On Wednesday, students switched gears for a program by the UW School of Medicine’s Institute for Health Metrics and Evaluation (IHME), where they got a taste for an extremely relevant process.

Students in a “mock task force” analyzed health data to form their own recommendations to a theoretical government in a given country. According to IHME’s instructional designer Marilyn Brooks, these are processes used by health scientists and government officials to guide policy decisions.

“It’s relevant to everybody’s life with just how they live their life and how they try to stay healthy,” said Ava Meller, a W.F. West student going into her senior year.

Meller’s favorite subject in school is molecular genetics. In the upcoming school year, she will work with the scanning electron microscope.

“For my career I could see myself studying diseases,” she said. “Like, choosing what I study based on what I see and the impact I see of that disease.”

Learning through a mixture of silliness and seriousness created an atmosphere that instructors described as a consistently rising enthusiasm among students across the three days. Plus, the camp’s hours of 9 a.m. to 3 p.m. gave students the opportunity to do in three days what would have taken two weeks during the school year, according to physics teacher Emily Jordan.

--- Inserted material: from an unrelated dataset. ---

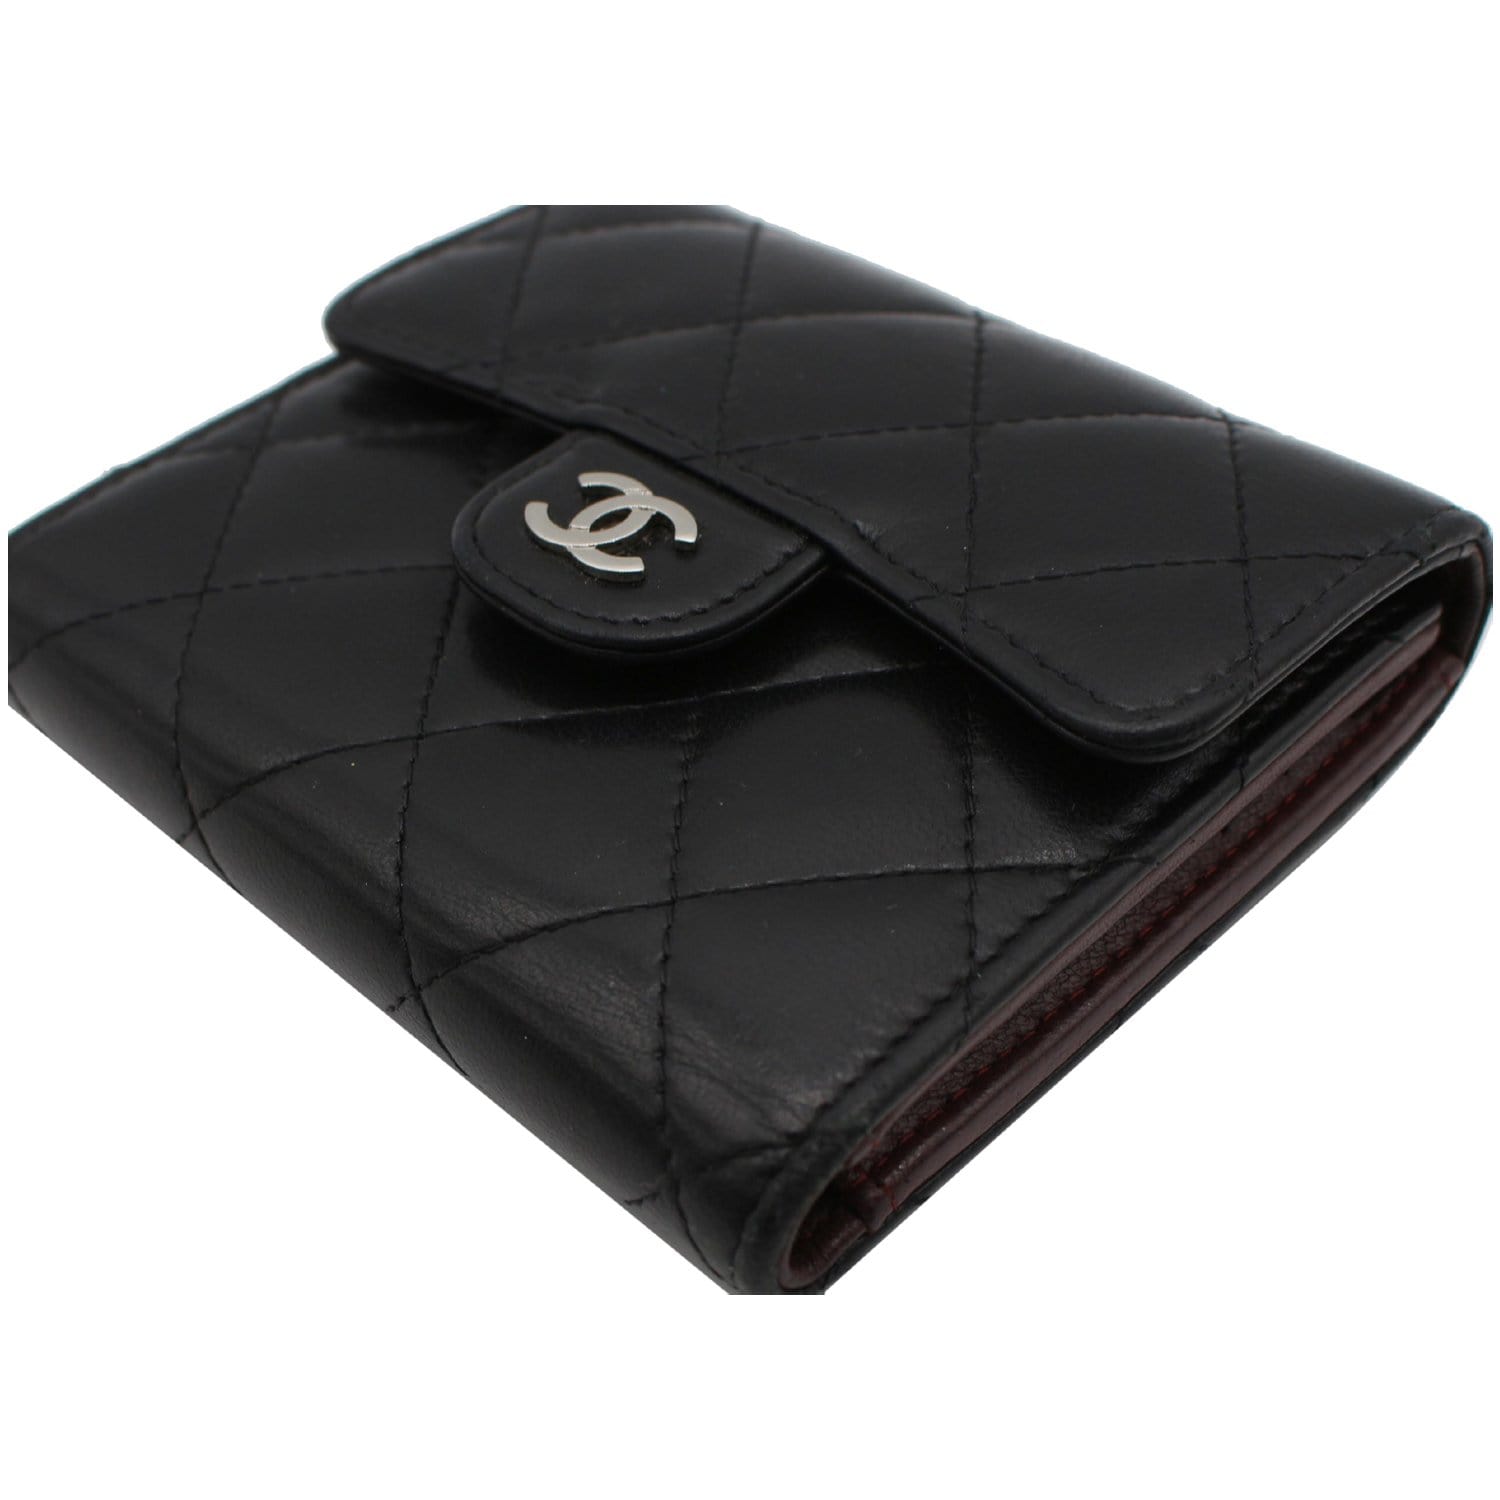 CHANEL Caviar Quilted Small Flap Wallet Gray

“I went to a very small school, I loved it, it was a good school. But we just did not have events like this, we didn’t have the tools or equipment that (students) have access to here, so it’s really cool that students are getting these opportunities and I’m excited to be a part of it,” Caudle said.

In the future, UW will seek to expand its off-campus outreach to increase access to STEM education for rural communities.

“We’re hoping that we can provide a lot more of these types of activities and exposure through our outreach programming this year,” Yoon said. “We’re actually already in potential talks of bringing more programming here to W.F. West throughout the school year and then hopefully bringing it to other schools in the state.”